O módulo também articula os conceitos apresentados ao longo da formação, demonstrando como a matemática antirracista pode ser aplicada de maneira integrada ao cotidiano escolar.

Flexibilidade para conclusão da formação

Um dos diferenciais do curso é a flexibilidade de tempo para finalização. Os inscritos poderão concluir os módulos em um período mínimo de três dias e máximo de 365 dias. A proposta atende à realidade dos profissionais da educação, que muitas vezes precisam conciliar formação continuada com rotinas intensas de trabalho.

A certificação digital é liberada automaticamente para participantes que realizarem todas as atividades e atingirem o desempenho mínimo exigido.

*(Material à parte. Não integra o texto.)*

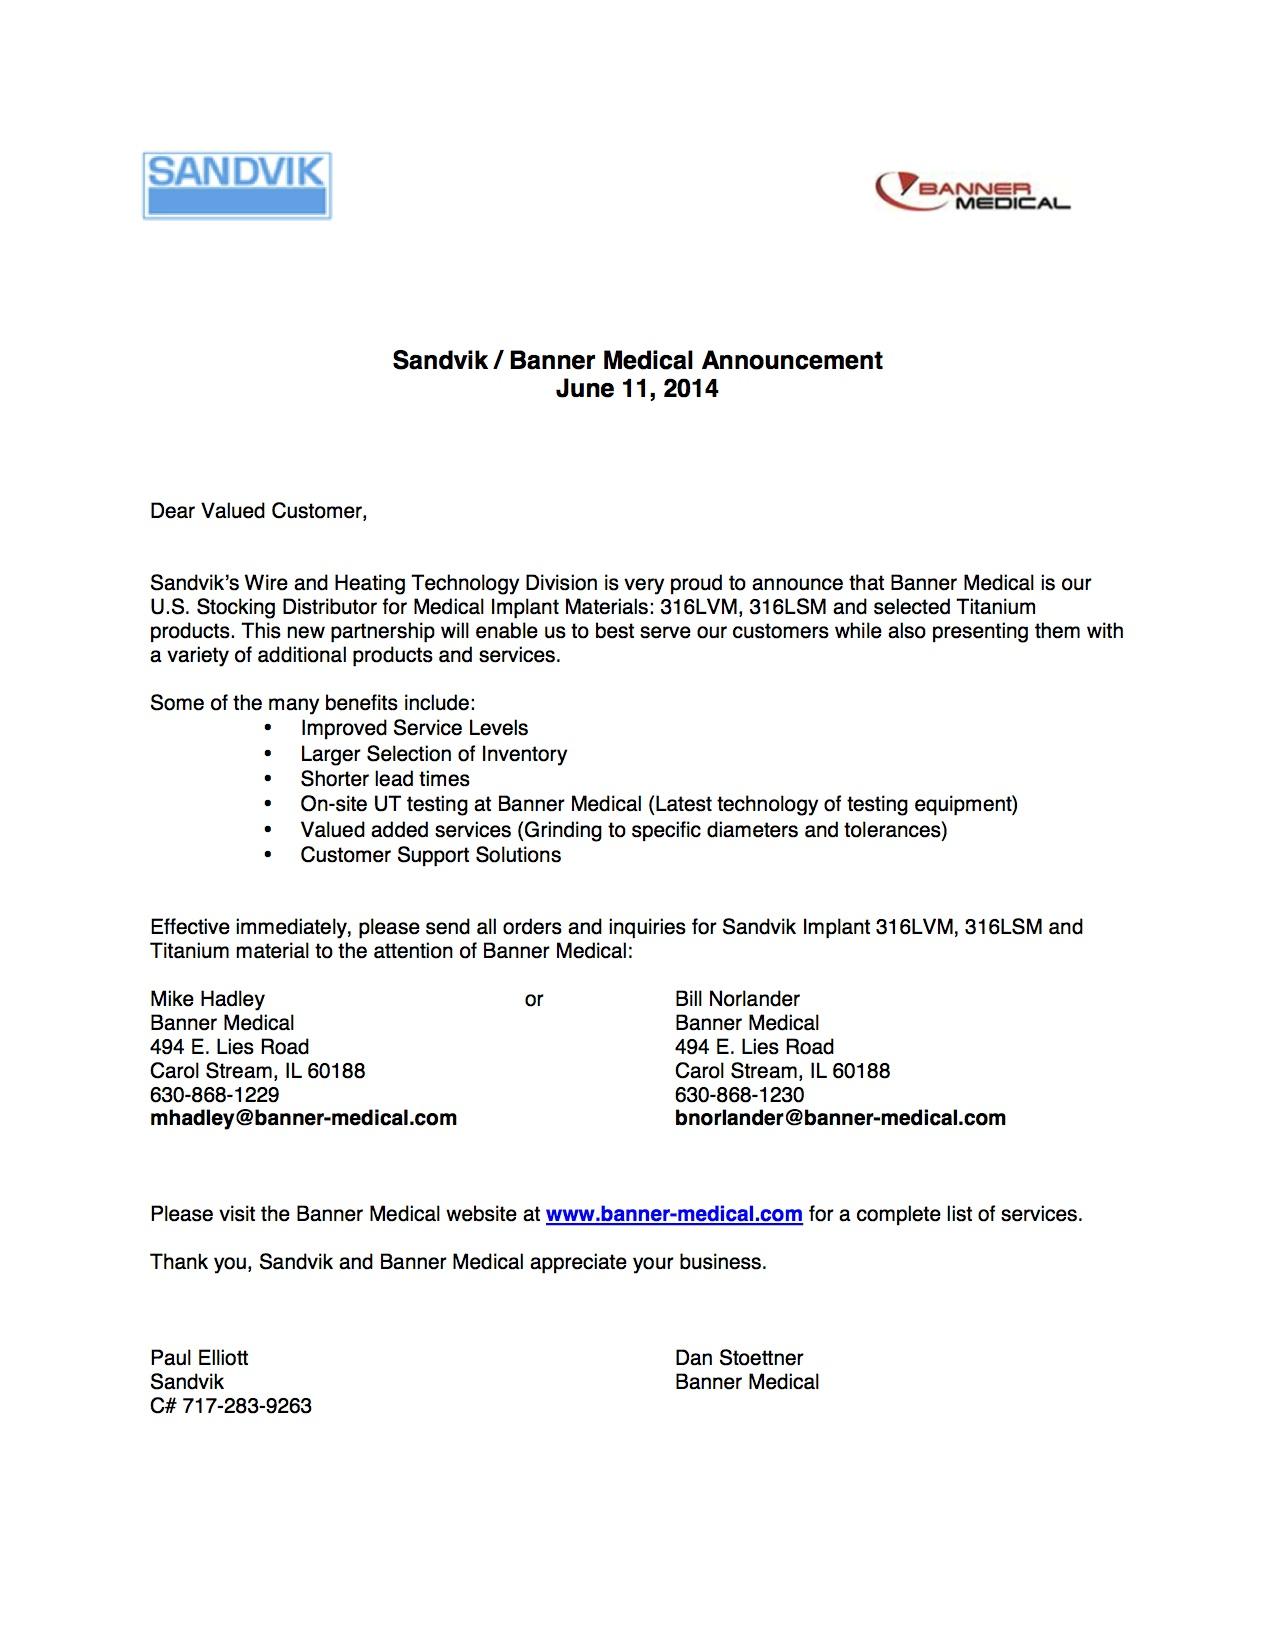 Sandvik® and Banner Medical Announce U.S. Stocking Distributor Partnership for 316LVM, 316 LSM, and Select Titanium Grade Materials
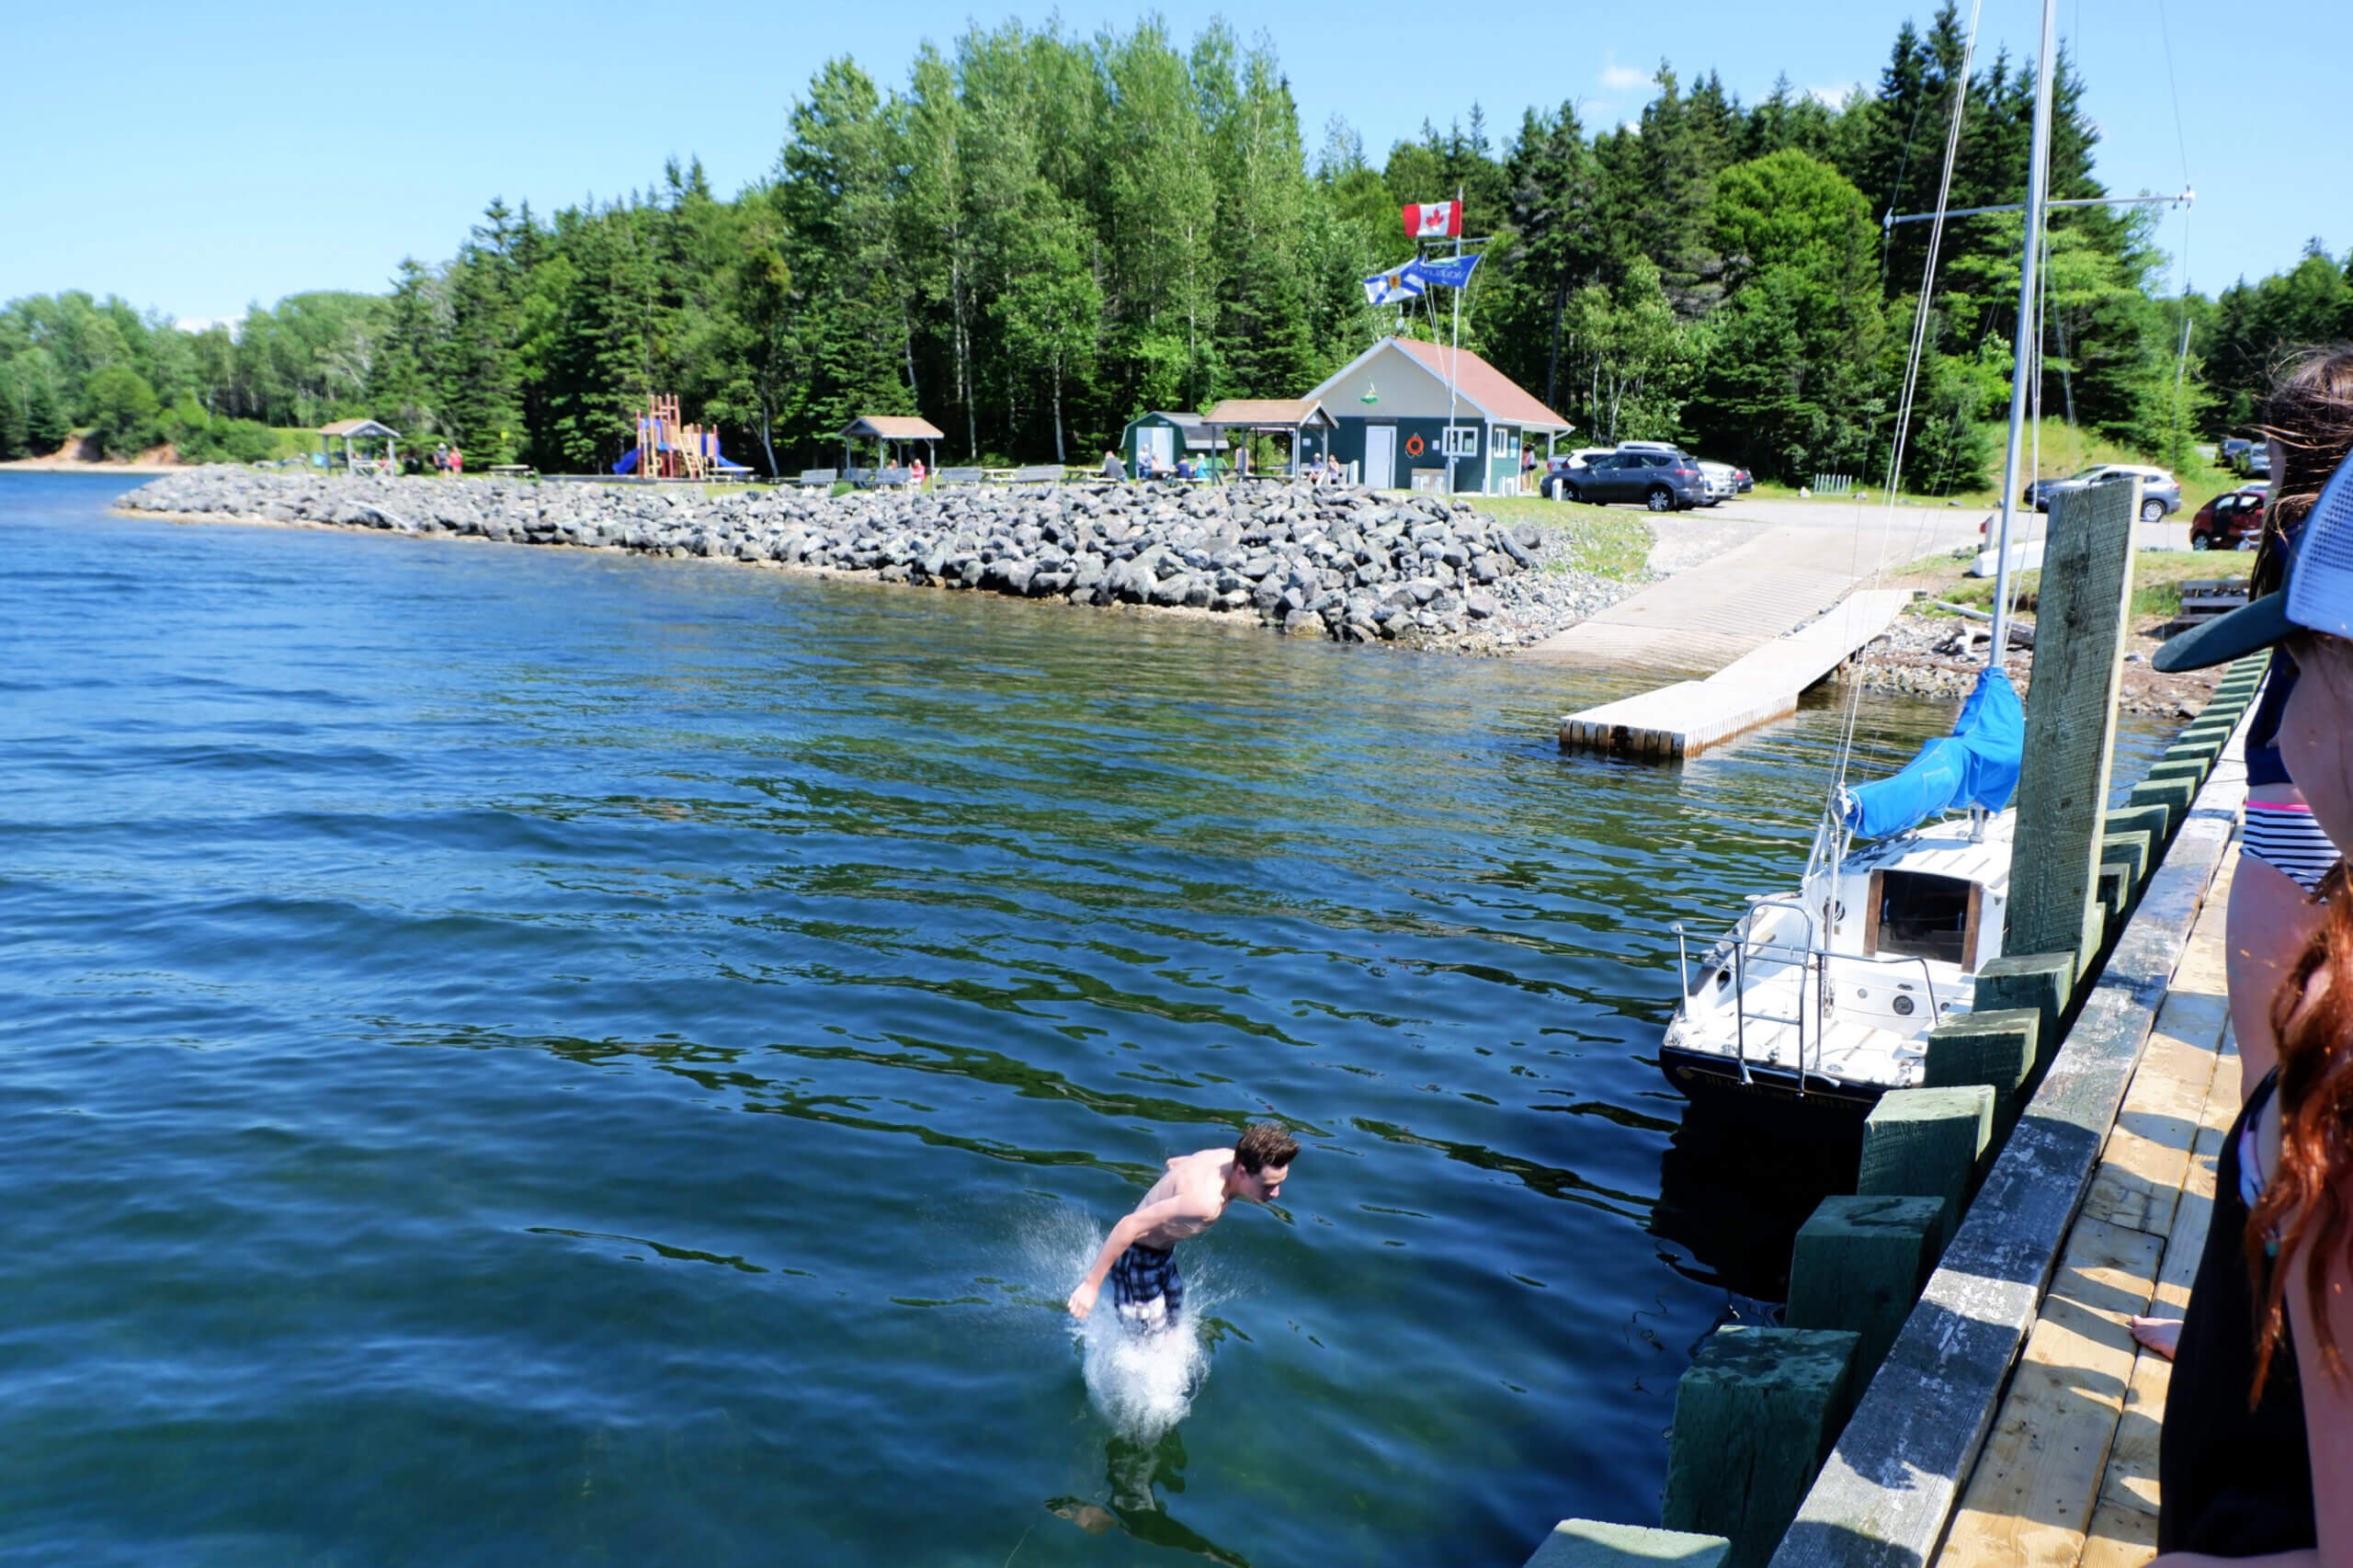 teen jumping off wharf at ross ferry marine park playground cape breton nova scotia

Inscrições e vagas disponíveis

As inscrições já estão abertas e seguem até o preenchimento das 4.564 vagas ofertadas. Por ser um curso autoinstrucional e de curta duração, a procura tende a ser alta. Assim, o Ministério da Educação recomenda que os interessados realizem a inscrição o quanto antes.

A participação é gratuita, e o processo de inscrição é simples: basta acessar o link do curso na plataforma AVAMEC, fazer o cadastro (para novos usuários) ou entrar com login já existente. Após confirmar a participação, o estudante tem acesso imediato ao ambiente virtual.

As inscrições devem ser feitas exclusivamente em:
https://avamec.mec.gov.br/#/instituicao/seb/curso/18450/informacoes

Para quem a formação é indicada

Embora o conteúdo tenha sido especialmente estruturado para professores de matemática, coordenadores pedagógicos e gestores escolares, o curso também é indicado para:

  • estudantes interessados em docência;
  • profissionais da educação de outras áreas;
  • pesquisadores de educação, currículo ou relações étnico-raciais;
  • pais e responsáveis que desejam compreender práticas pedagógicas inclusivas;
  • qualquer pessoa interessada no tema.

A proposta de democratizar o acesso reforça o papel formativo do Estado na promoção de políticas educacionais antirracistas.

Relevância da temática para a educação básica

Nos últimos anos, discussões sobre práticas antirracistas ganharam espaço nas políticas educacionais e na formação docente. A obrigatoriedade do ensino de história e cultura afro-brasileira e indígena, prevista na legislação, motivou escolas e sistemas de ensino a buscar práticas pedagógicas que valorizem a diversidade e combatam o racismo.

O curso de Matemática Antirracista se insere nesse movimento, destacando que a matemática — frequentemente percebida como neutra — também pode reproduzir desigualdades quando não há intencionalidade pedagógica voltada à inclusão. Ao relacionar conteúdos matemáticos à história, à cultura e à realidade dos estudantes, o docente amplia as possibilidades de aprendizagem e contribui para um ambiente escolar mais justo.

Comparativo com outras iniciativas e política pública

A oferta do curso integra um conjunto de ações do Ministério da Educação com foco na equidade racial na educação básica. Práticas formativas como essa se articulam a políticas mais amplas que visam implementar diretrizes curriculares, fortalecer a formação inicial e continuada de professores e promover materiais pedagógicos orientados à diversidade.

A parceria com organizações da sociedade civil, como a Fundação Itaú, evidencia a crescente articulação entre Estado e instituições comprometidas com o desenvolvimento educacional, ampliando o alcance e a qualidade das formações ofertadas.